Veroordeling voor ontucht met minderjarig stiefkind, vervaardigen van kinderpornografische foto's en belaging ex-partner

Op 28 maart 2025 heeft de Rechtbank Zeeland-West-Brabant uitspraak gedaan in een strafzaak tegen een verdachte die zich schuldig heeft gemaakt aan ontucht met zijn minderjarig stiefkind, het vervaardigen van kinderpornografische foto's en belaging van zijn ex-partner. De rechtbank heeft de verdachte veroordeeld tot een gevangenisstraf van acht maanden, waarvan vijf maanden voorwaardelijk met een proeftijd van drie jaar. Daarnaast is er een contactverbod opgelegd met de slachtoffers. De zaak werd inhoudelijk behandeld op 14 maart 2025, waarbij de verdachte verstek heeft laten verlenen. De officier van justitie heeft de beschuldigingen tegen de verdachte onderbouwd met getuigenverklaringen en bewijsstukken, waaronder Whatsapp-berichten. De rechtbank heeft vastgesteld dat de verdachte in de periode van 11 september 2023 tot en met 17 oktober 2023 zijn ex-partner heeft belaagd door haar ongevraagd berichten te sturen en haar te volgen. Tevens heeft hij in de periode van 1 maart 2021 tot en met 31 maart 2021 ontucht gepleegd met zijn minderjarig stiefkind en op 7 augustus 2020 kinderporno vervaardigd. De rechtbank heeft de verklaringen van de slachtoffers als geloofwaardig en betrouwbaar beoordeeld, en heeft geoordeeld dat de verdachte zich schuldig heeft gemaakt aan de ten laste gelegde feiten. De rechtbank heeft ook rekening gehouden met de psychologische toestand van de verdachte en de impact van zijn daden op de slachtoffers. De benadeelde partijen hebben schadevergoeding gevorderd, welke gedeeltelijk is toegewezen.

Uitspraak

RECHTBANK ZEELAND-WEST-BRABANT

Strafrecht
Zittingsplaats: Breda
parketnummer: 02-272167-23; 02-331327-23 (ttzgev)
vonnis van de meervoudige kamer van 28 maart 2025
in de strafzaak tegen
[verdachte]
geboren op [geboortedag 1] 1994 te [geboorteplaats 1]
wonende te [woonplaats]

1.Onderzoek van de zaak

De zaak is inhoudelijk behandeld op de zitting van 14 maart 2025. Tegen verdachte is verstek verleend. De officier van justitie, mr. E. van Aalst, heeft haar standpunt kenbaar gemaakt

2.De tenlastelegging

De tenlastelegging is als bijlage I aan dit vonnis gehecht.
De verdenking komt er, kort en feitelijk weergegeven, op neer dat verdachte
02-272167-23
In de periode 11 september 2023 tot en met 17 oktober 2023 [slachtoffer 1] heeft belaagd.
02-331327-23
1: in de periode 1 maart 2021 tot en met 31 maart 2021 ontucht heeft gepleegd met zijn minderjarig stiefkind [slachtoffer 2] ;
2: op 7 augustus 2020 kinderporno heeft vervaardigd.

3.De voorvragen

De dagvaarding is geldig.
De rechtbank is bevoegd.
De officier van justitie is ontvankelijk in de vervolging.
Er is geen reden voor schorsing van de vervolging.
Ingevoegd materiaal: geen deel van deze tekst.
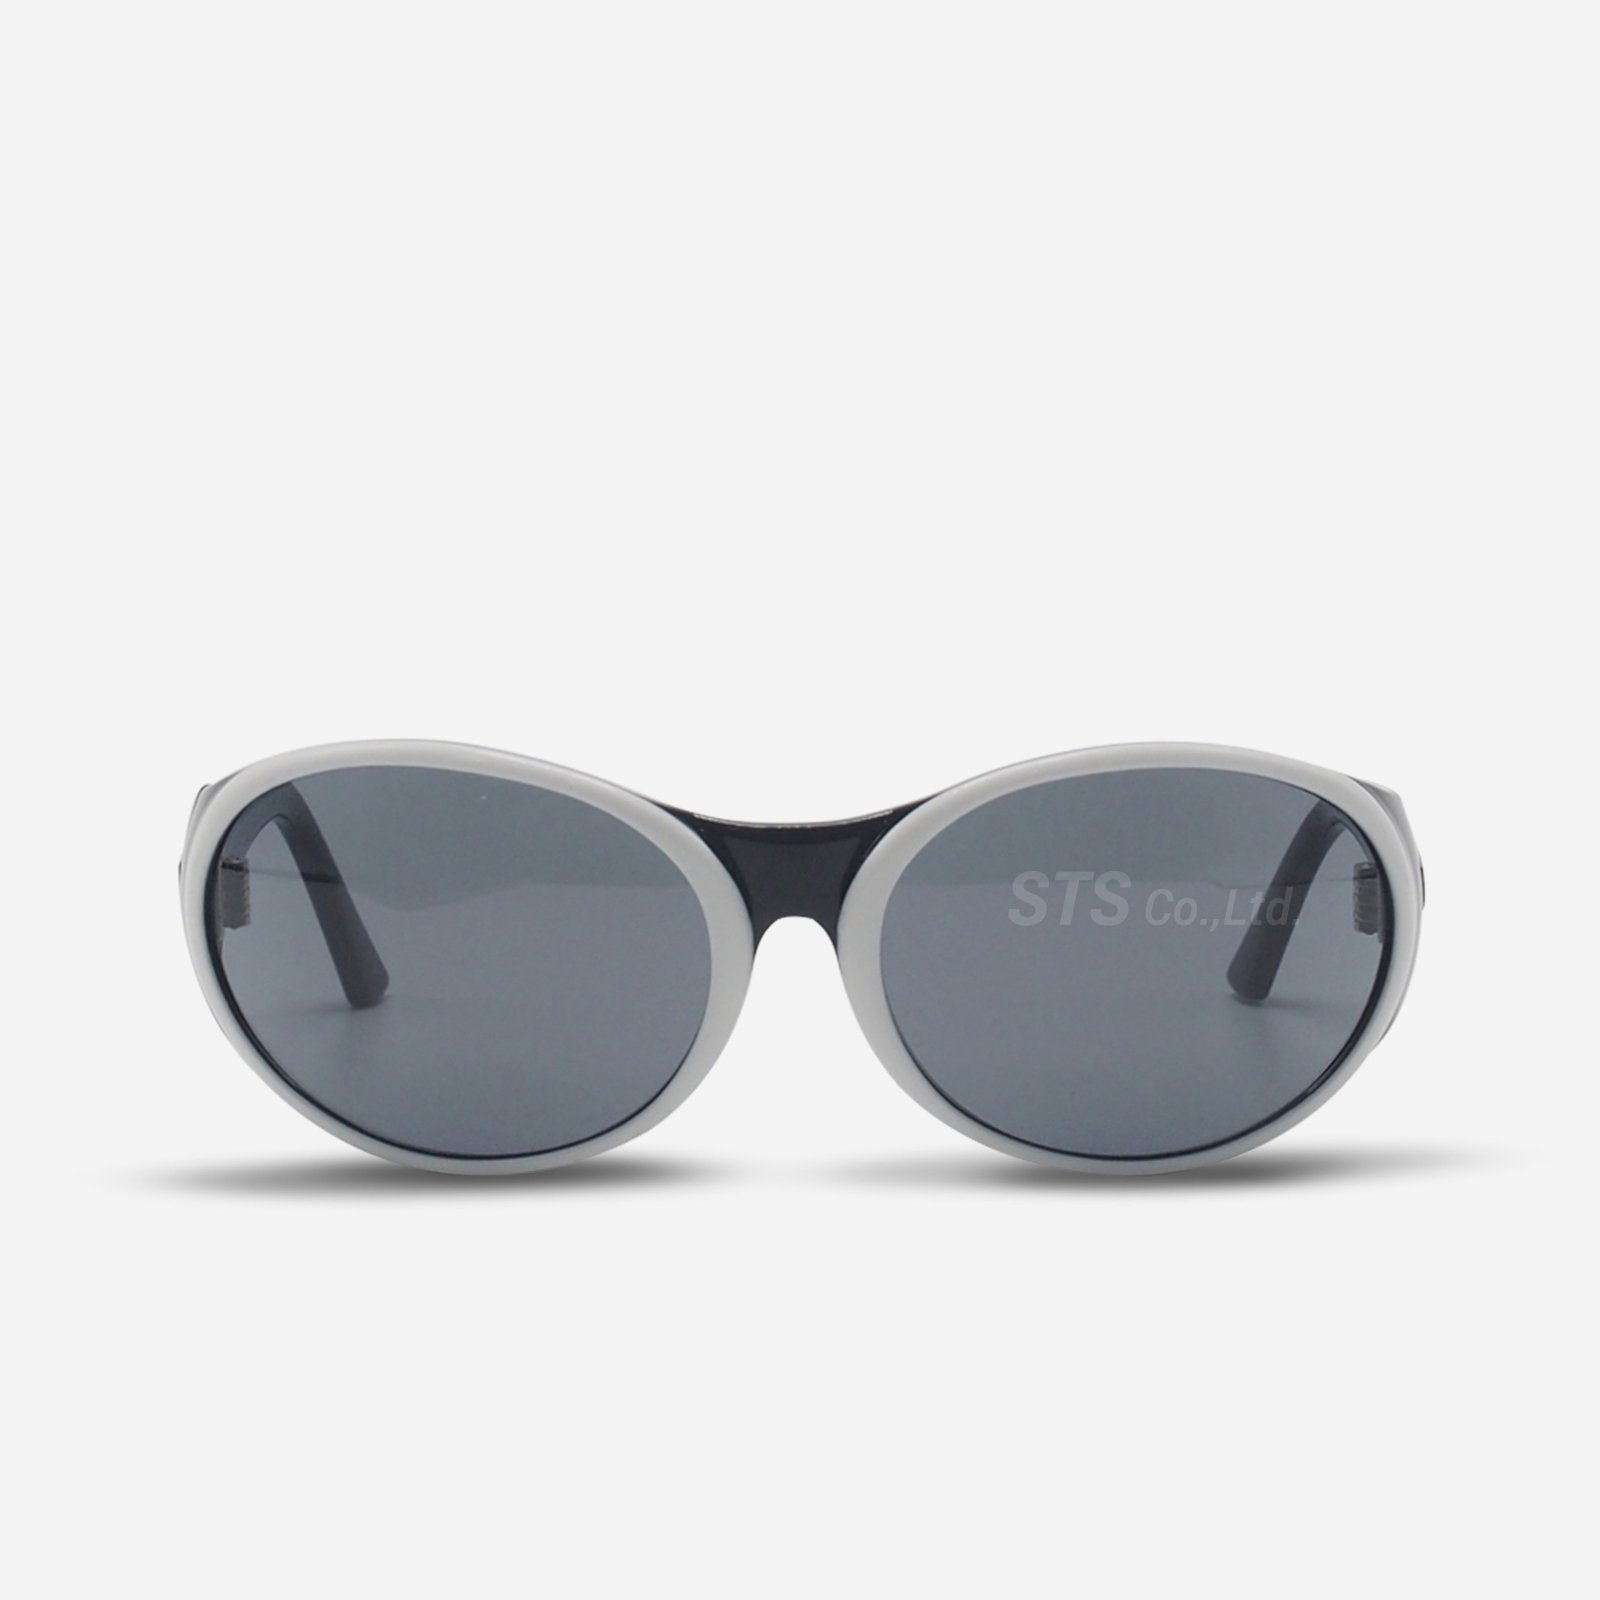 Supreme - Orb Sunglasses - ParkSIDER

4.De beoordeling van het bewijs

4.1
Het standpunt van de officier van justitie
02-272167-23
De officier van justitie acht wettig en overtuigend bewezen dat verdachte in de ten laste gelegde periode [slachtoffer 1] veelvuldig berichten heeft gestuurd, heeft gebeld en haar heeft achtervolgd naar haar woning.
02-331327-23
De officier acht feit 1 wettig en overtuigend bewezen op grond van de aangifte van [slachtoffer 2] , de verklaring van moeder [slachtoffer 1] en de Whatsapp-berichten tussen [slachtoffer 1] en verdachte. Er is geen reden om te twijfelen aan de verklaringen van [slachtoffer 2] en [slachtoffer 1] . Daarnaast kan wettig en overtuigend worden bewezen dat verdachte kinderporno heeft vervaardigd, zoals ten laste gelegd onder feit 2. Niet kan worden bewezen dat verdachte hiervan een gewoonte heeft gemaakt, zodat hij van dit deel van de tenlastelegging dient te worden vrijgesproken.
4.2
Het oordeel van de rechtbank
4.2.1
De bewijsmiddelen
De bewijsmiddelen zijn in bijlage II aan dit vonnis gehecht.
4.2.2
De bijzondere overwegingen met betrekking tot het bewijs
02-272167-23
De rechtbank acht op grond van de bewijsmiddelen wettig en overtuigend bewezen dat verdachte in de ten laste gelegde periode [slachtoffer 1] veelvuldig berichten heeft gestuurd, heeft gebeld en heeft achtervolgd naar haar woning en zich aldus schuldig heeft gemaakt aan belaging.
02-331327-23
Feit 1 – ontucht met zijn minderjarig stiefkind
Verdachte wordt ervan verdacht dat hij in de periode van 1 maart 2021 tot en met 31 maart 2021 eenmaal ontucht heeft gepleegd met zijn minderjarig stiefkind [slachtoffer 2] door met zijn hand te wrijven over haar vagina, althans haar te betasten. Verdachte ontkent deze handelingen te hebben gepleegd.
Wettelijk kader
Zedenzaken kenmerken zich in het algemeen door het feit dat zij zich voordoen in een situatie waarbij slechts twee personen aanwezig zijn: een verondersteld slachtoffer en een veronderstelde dader. Als de veronderstelde dader ontkent moet de rechter beoordelen of aan het bewijsminimum is voldaan. De bewijsminimumregel van artikel 342, tweede lid, Sv houdt in dat het bewijs dat de verdachte het ten laste gelegde feit heeft begaan, door de rechter niet uitsluitend kan worden aangenomen op de verklaring van één getuige. De Hoge Raad heeft het belang van deze bepaling bij herhaling onderstreept door te overwegen dat deze strekt ter waarborging van de deugdelijkheid van de bewijsbeslissing, in die zin dat zij de rechter verbiedt tot een bewezenverklaring te komen ingeval de door één getuige genoemde feiten en omstandigheden op zichzelf staan en onvoldoende steun vinden in ander bewijsmateriaal. Daar staat echter tegenover dat in zedenzaken een geringe mate aan steunbewijs in combinatie met de verklaring van de aangever voldoende wettig bewijs kan opleveren. Ook geldt dat niet elk onderdeel van de tenlastelegging door twee bewijsmiddelen hoeft te worden bevestigd.
De vraag of aan voormeld bewijsminimum is voldaan, laat zich niet in algemene zin beantwoorden, maar vergt een beoordeling van de concrete omstandigheden.
Betrouwbaarheid verklaring [slachtoffer 2]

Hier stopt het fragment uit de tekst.